For over 20 years, I prayed for an instantaneous, healing miracle I never received. I desperately wanted God to set me free from the fear that plagued me.
After all, miracles had happened to others around me. So why that person and not me? Why were they miraculously freed, while I was left here in this awful darkness? Why did God pick and choose like that?
And worst of all was this thought: Why didn’t God choose me?
Yes. I said and thought and yelled out these things (and so much more) in my anger at what I saw as God intentionally not rescuing or protecting me. Or just simply not caring enough to help me. I was disillusioned with the fact that I sought Him out consistently while others did not, and He gave me back what felt like a big, fat nothing.
So the only reasonable thing in my mind was to stop trusting God. If He wasn’t going to protect me, then I would have to protect myself.
In my resolve to do this came an ever-increasing awareness of my own powerlessness to help myself or change what was. And that is where we find the afflicted man in the following passage:
“In these lay a great multitude of sick people, blind, lame, paralyzed, waiting for the moving of the water … Now a certain man was there who had an infirmity thirty-eight years. When Jesus saw him lying there, and knew that he already had been in that condition a long time, He said to him, ‘Do you want to be made well? … Rise, take up your bed and walk.’ And immediately the man was made well, took up his bed, and walked” (John 5:3, 5-6, 8-9a, NKJV).
This is a man who knew suffering well, who knew the frustration of being overlooked and forgotten.
And in the world? He was.
But what he didn’t know yet was that God had not forgotten him. And the time had finally come for him to be healed.
So why did God wait so long? Why didn’t He heal the man years earlier?
Because, friends, there is so much more to what God is doing than what is happening around us — and to us.
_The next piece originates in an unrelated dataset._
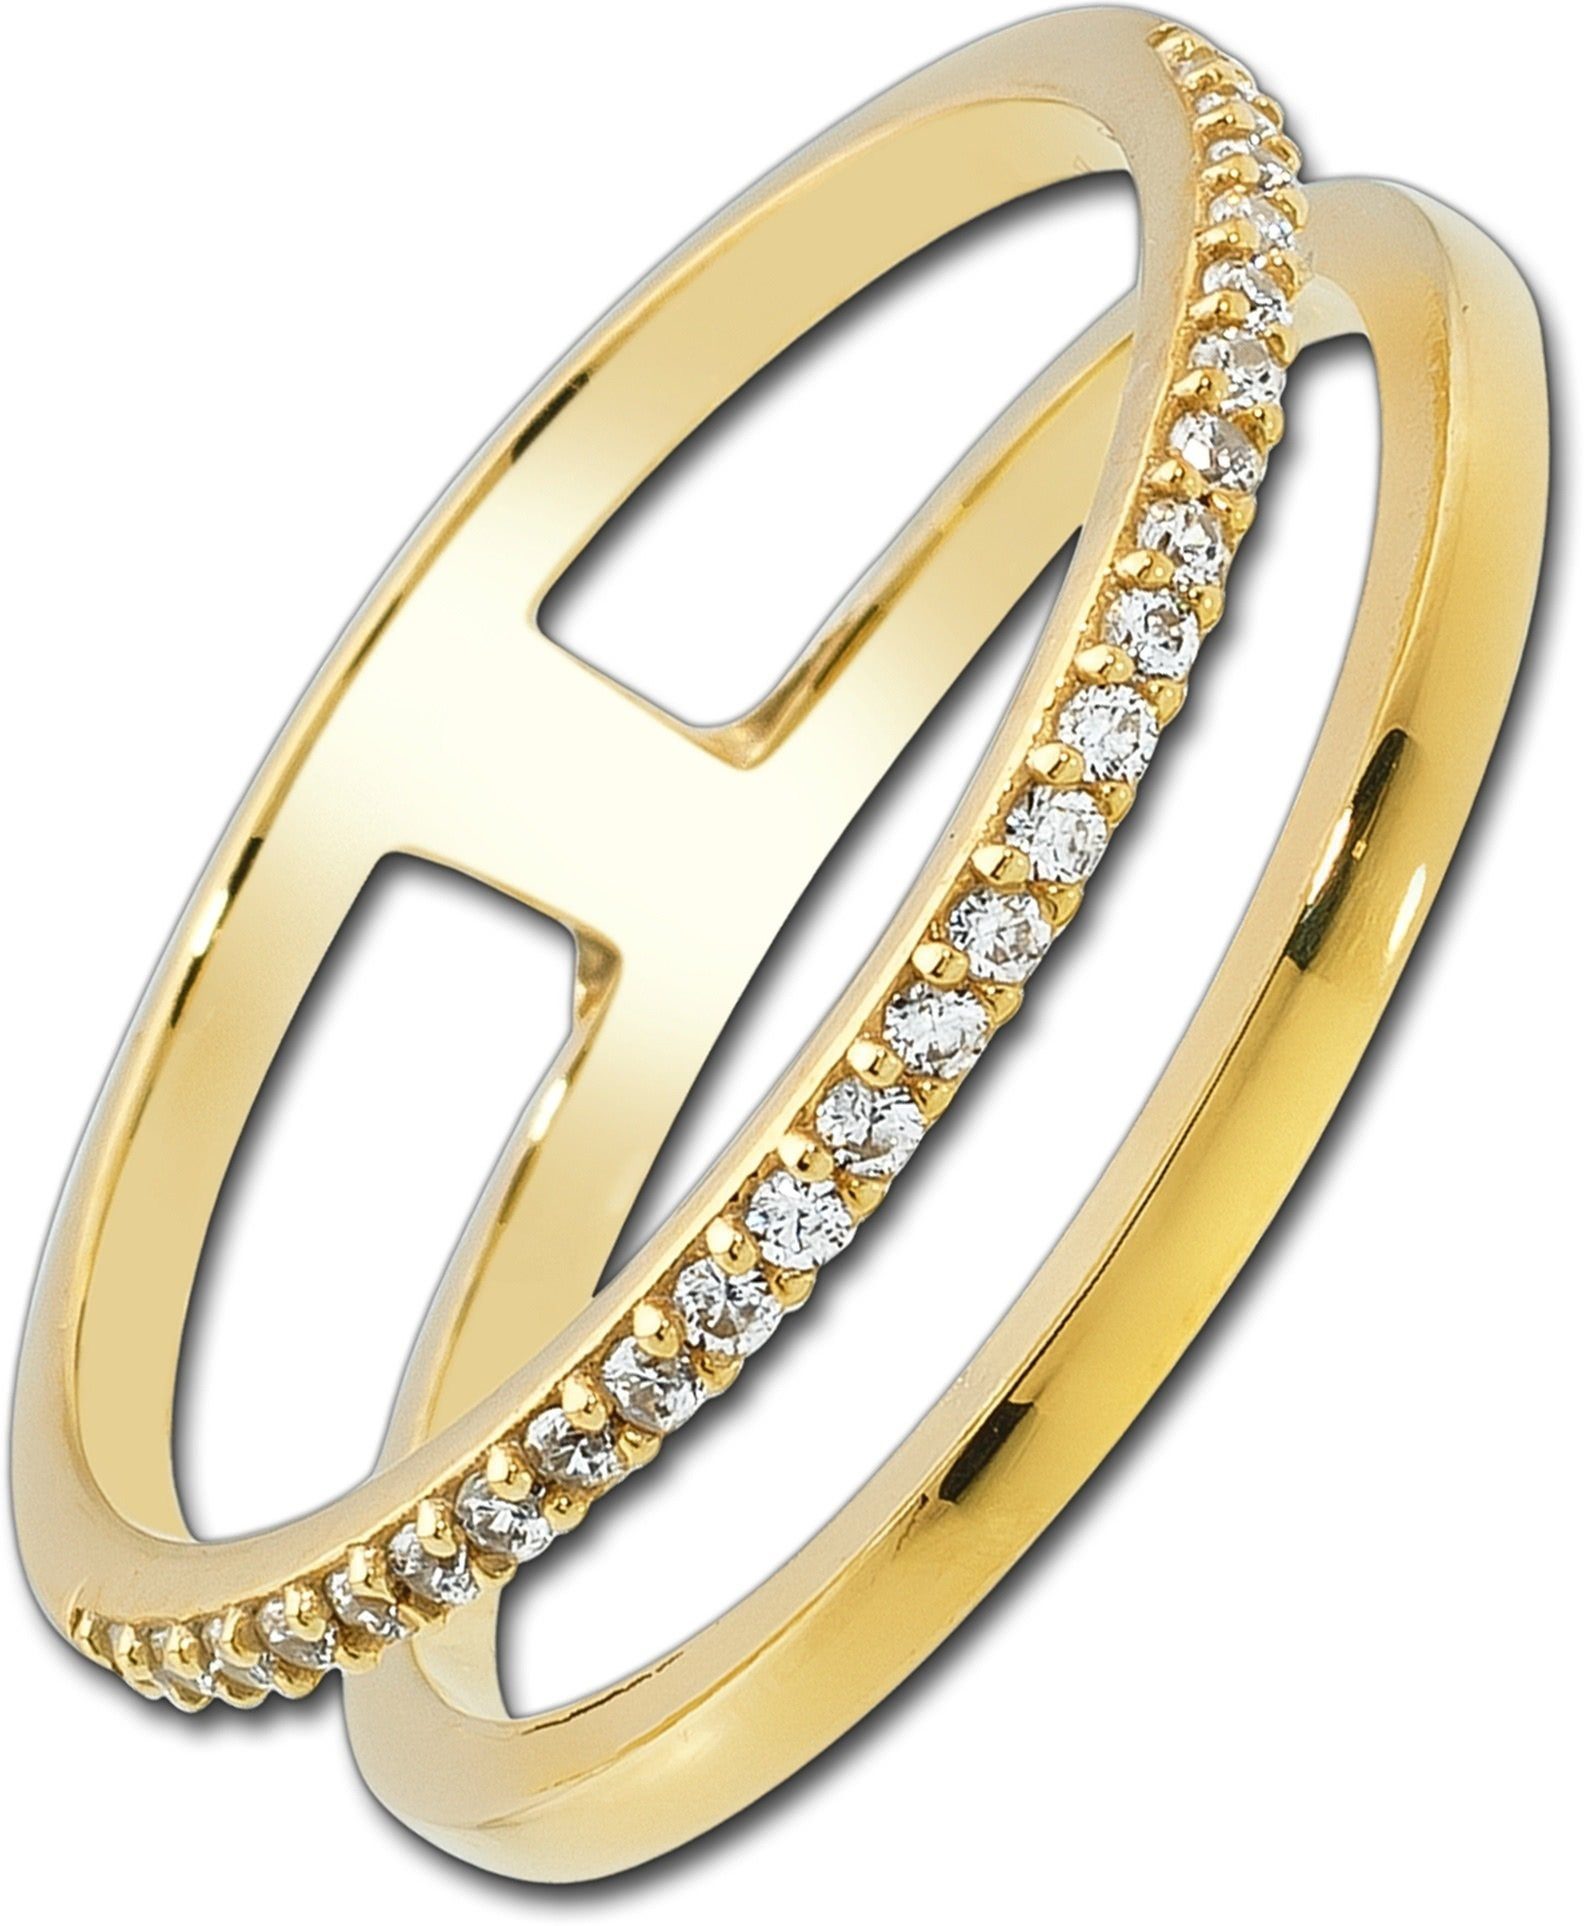 Balia Goldring Balia Ring für Damen 333 Gelbgold (Fingerring), Fingerring Größe 58 (18,5), 333 Gelbgold - 8 Karat (Doppel gold) Gold
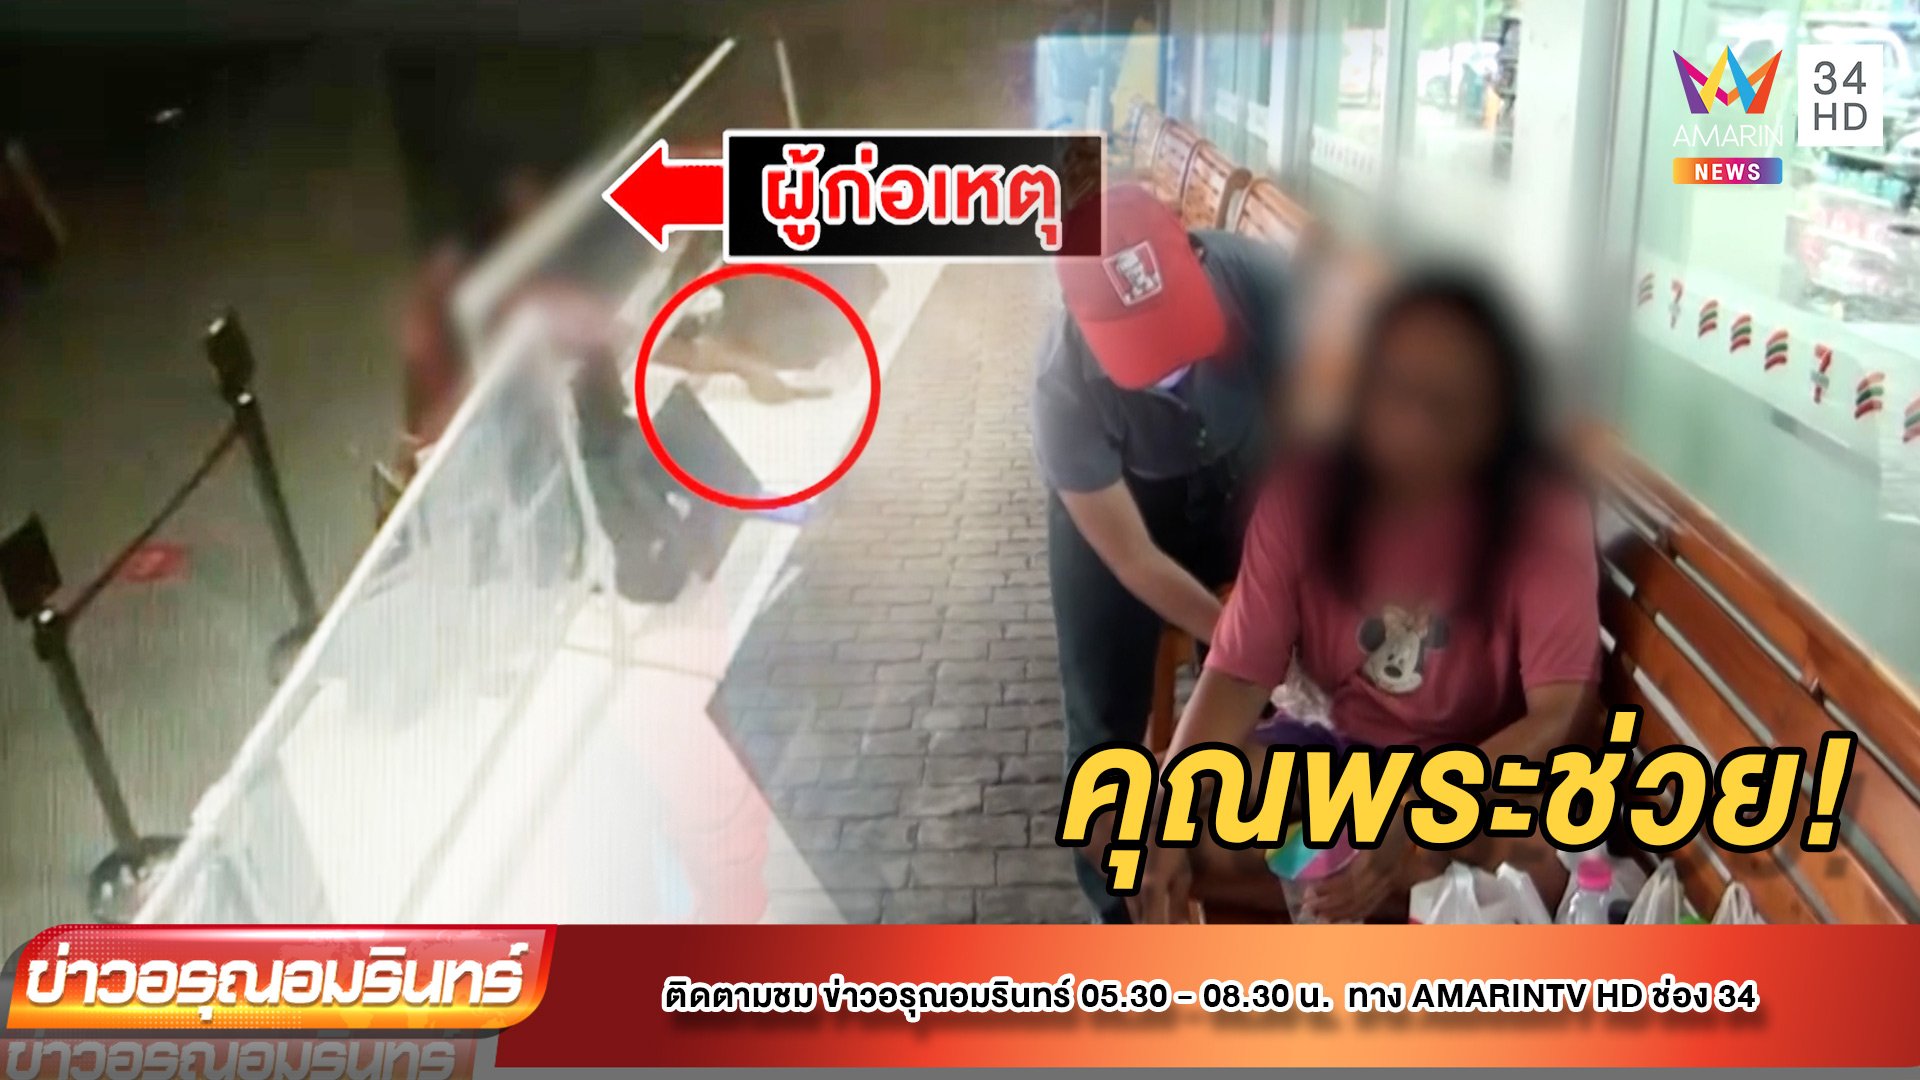 สาวป่วยจิตขโมยมือถือร้านไก่ทอด โป๊ะสุดถูกจับเพราะใส่เสื้อตัวเดิม | ข่าวอรุณอมรินทร์ | 1 ก.ย. 64 | AMARIN TVHD34

A purpose is being worked out in the heavens that is so much bigger than our minds can presently conceptualize.
In the end, all that is real and lasting is God’s glory displayed through us to touch a dark and weary world that does not yet know Him.
But if we believe God’s promises as they are laid out in His Word, then we will know …
We are not forgotten. (Isaiah 44:21)
We have been given the Holy Spirit to guide us. (2 Timothy 1:7; John 16:13)
We have nothing to fear. (Isaiah 41:10)
God has made you a key player in His redemption story. So what will you believe about Him, His promises and His purposes?
I used to see my weakness as a crutch I had to eliminate to feel normal. But it is through my weakness that God displays His life-changing, fear-fleeing glory.
And friends, when that happens, guess what? We become the miracle.
Dear Lord, help me to see the truth in my weakness. And give me the courage I need to be a key player in Your amazing story. Thank You for loving me enough to make me part of it. In Jesus’ Name, Amen.